- The Washington Times - Wednesday, July 11, 2001

Are political attitudes inherited? If so, it may be bad news for Sen. John McCain, Arizona Republican, and his merry band of reformers as they try to push major campaign finance legislation through the House of Representatives this summer.
For if there is a genetic link to one's politics, as the latest research shows, then there's no need to ban political advertising or ban the political influence that soft money supposedly buys. You can't sway what's in the genes.
For decades, political scientists have claimed that a person's political opinions, attitudes, and ideological preferences were determined by that person's environment, the nurture argument.
Studies since the 1950s found that party identification, for example, primarily reflects socialization at home, at school, at work, and among peers, leading to particular voting preferences. Although the proportion of Americans identifying with a political party has declined significantly, myriad social, economic, cultural, and technological currents, each exerting degrees of influence upon individual voters, were found to have filled this causal void.
The latest research, however, casts considerable doubt on this environment-centered explanation. The current issue of the Journal of Personality and Social Psychology, published by the American Psychological Association, presents the findings into the link between genetics and attitudes. After studying the attitudinal responses of 336 pairs of identical and fraternal adult twins, a team of psychologists concluded that one's political attitudes may be partly attributable to genetic factors.
This research suggests that 50 percent of a particular policy preference may be predetermined according to highly heritable personality traits. The two categories of political attitudes with the strongest genetic influence are so-called "preservation of life" issues, such as abortion, voluntary euthanasia, organized religion and the death penalty, and so-called "equality" issues, such as immigration and racial discrimination.

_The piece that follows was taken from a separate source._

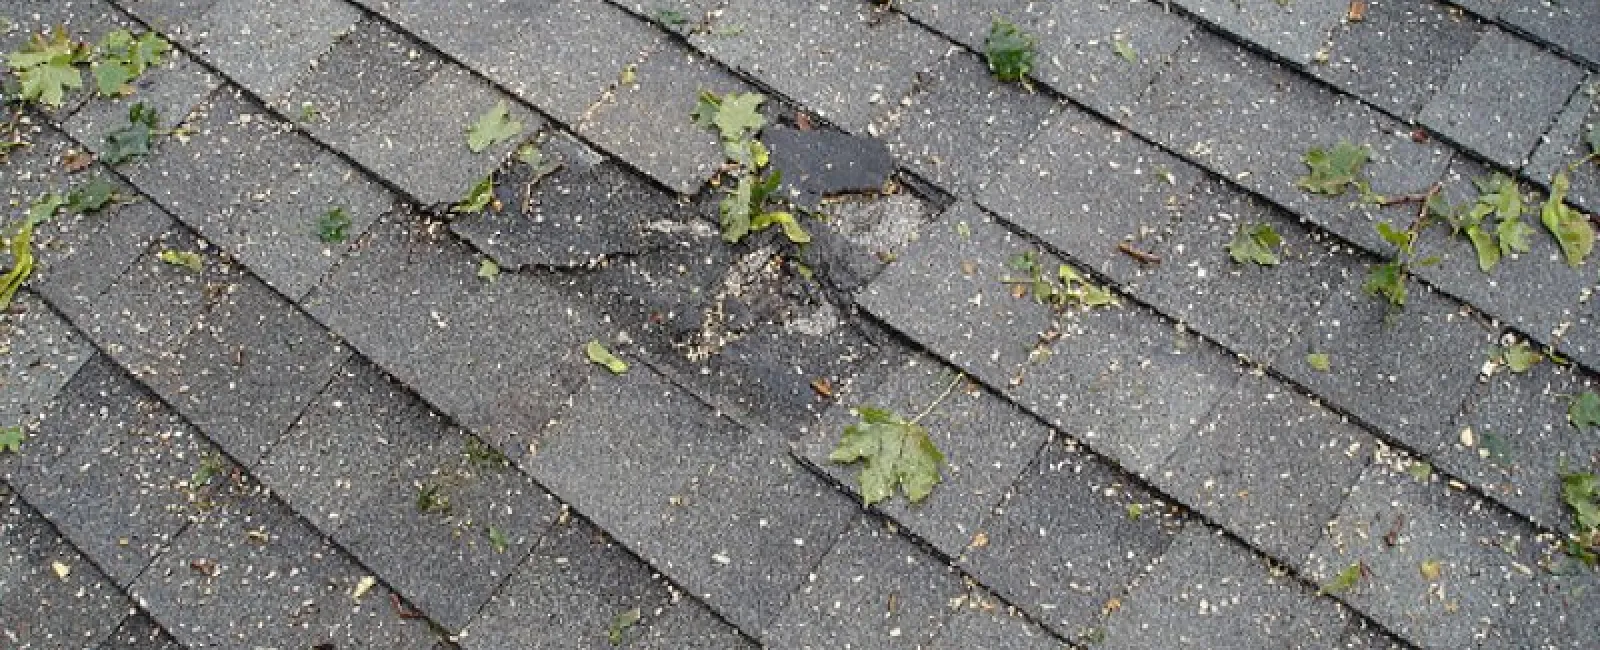 Blistering Buckling Curling: 3 Signs Your Roof Isn’t Doing Well

Why is this research bad news for campaign finance reformers? It is bad news because it casts a serious shadow over the supposedly overwhelming (and overwhelmingly negative) influence ascribed to political commercials. Political support for a ban on soft money and restrictions on independent advertising campaigns — the central elements of current campaign finance legislation — is founded upon an objection to the preponderance of political commercials, especially negative ads, during election campaigns.

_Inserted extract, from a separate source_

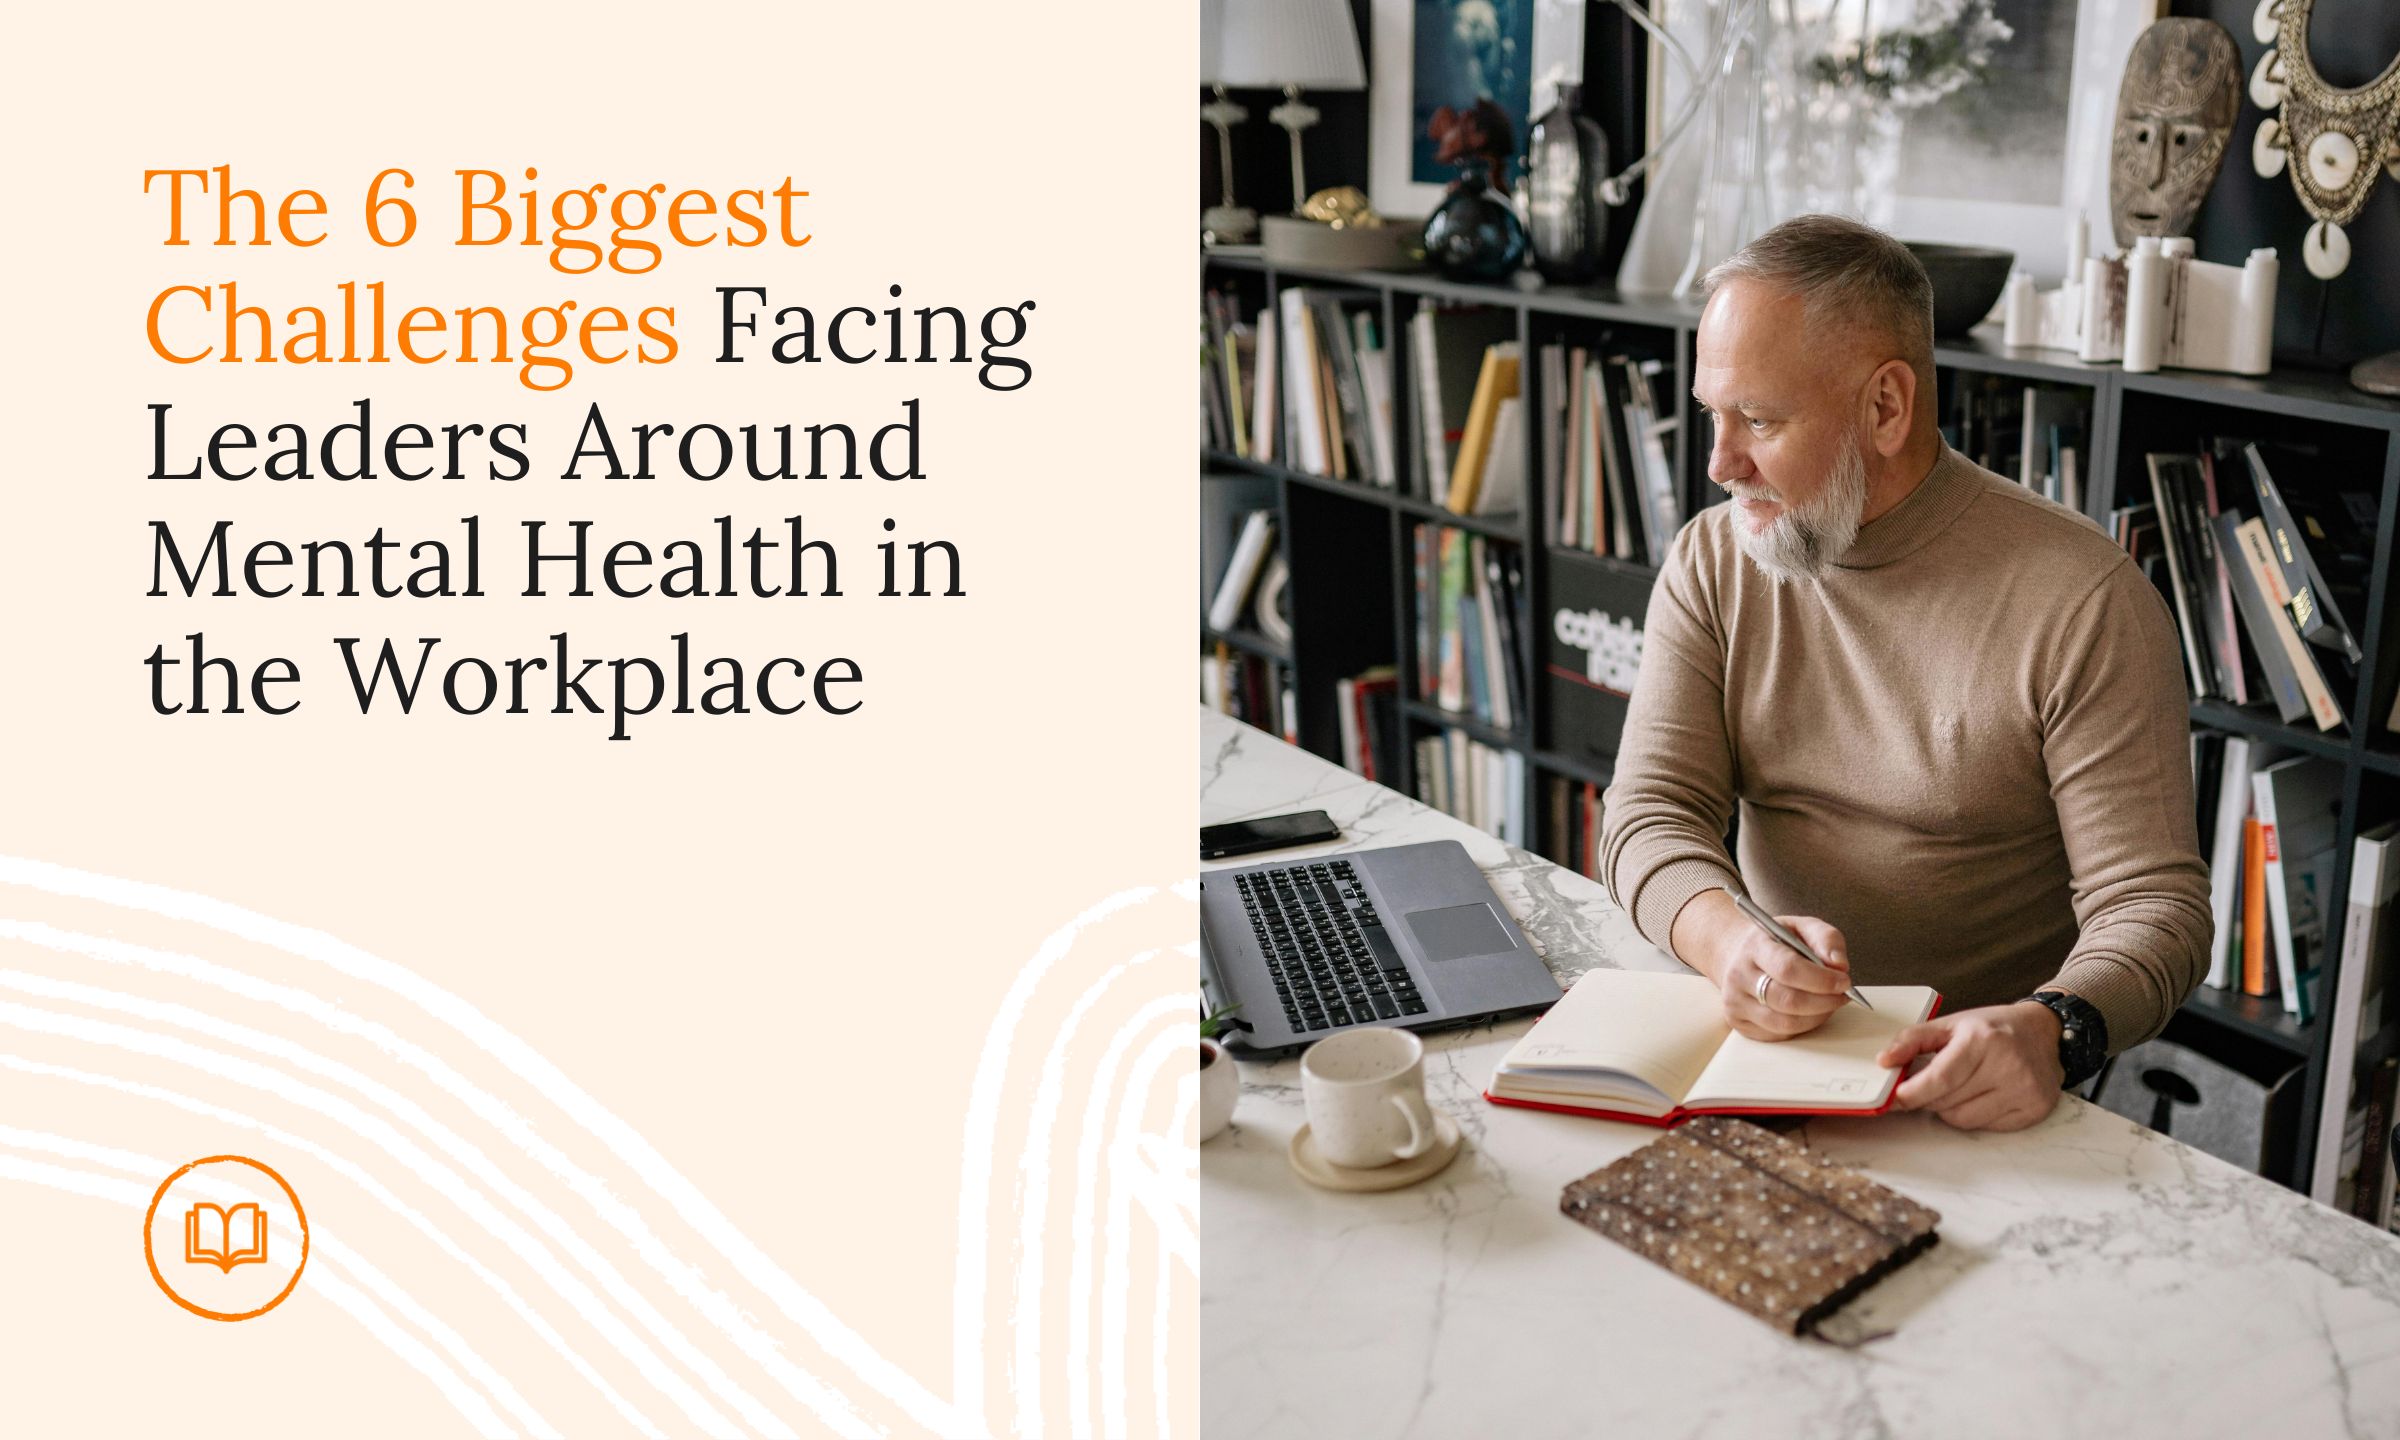 The Six Biggest Challenges Facing Leaders Around Mental Health in the Workplace

During campaigns, soft money donated to the major parties is used to support candidates, in part, through television ads; the independent advertising campaigns also stress television ads in their efforts to solicit support for, or stimulate opposition to, a particular candidate. Campaign reformers seek to minimize or, better yet, to eliminate the allegedly pernicious influence of these commercials.
In this reformist vein, Scott Harshbarger of Common Cause wincingly recalls that, "Both the Clinton and Dole presidential campaigns raised and spent millions of dollars laundered through the party soft money accounts during the 1996 election for TV advertising campaigns that … had the effect of influencing the presidential election." Furthermore, according to the Center for Media & Democracy's Sheldon Rampton and John Stauber, "Business can spend secretly and directly to determine an election's outcome."
More ominously, Curtis Gans, of the Committee for the Study of the American Electorate, favors an outright ban on paid political commercials. In the same extremist vein, Mr. McCain has opined that, "If I could think of a way constitutionally, I would ban negative ads."
But what if the potential influence of the average political commercial is 50 percent less than the best media and political minds think it is? After all, that's this groundbreaking research's plausible implication for political media consultants and campaign reformers alike. The realization that political advertising's powers of persuasion may be real but inherently limited thereby requiring less, rather than more, government regulation is potentially devastating for Mr. McCain's reformist crusade.
In 1988, scholar Stephen Bates suggested that: "There is nothing magical about political advertising, positive or negative … It does not overwhelm the viewer's natural skepticism or subvert his rational faculties. It provides information that some voters accept, some reject, some ignore, and some misunderstand."
Thirteen years later, we now know (as Mr. Bates supposed) that the conventional wisdom of the best academic, media and political minds may be wrong about the potential influence of political advertising. Is it too far-fetched to assume that the conventional wisdom may also be wrong about the need for McCain-style campaign reform?

Patrick Basham is senior fellow in the Center for Representative Government at the Cato Institute.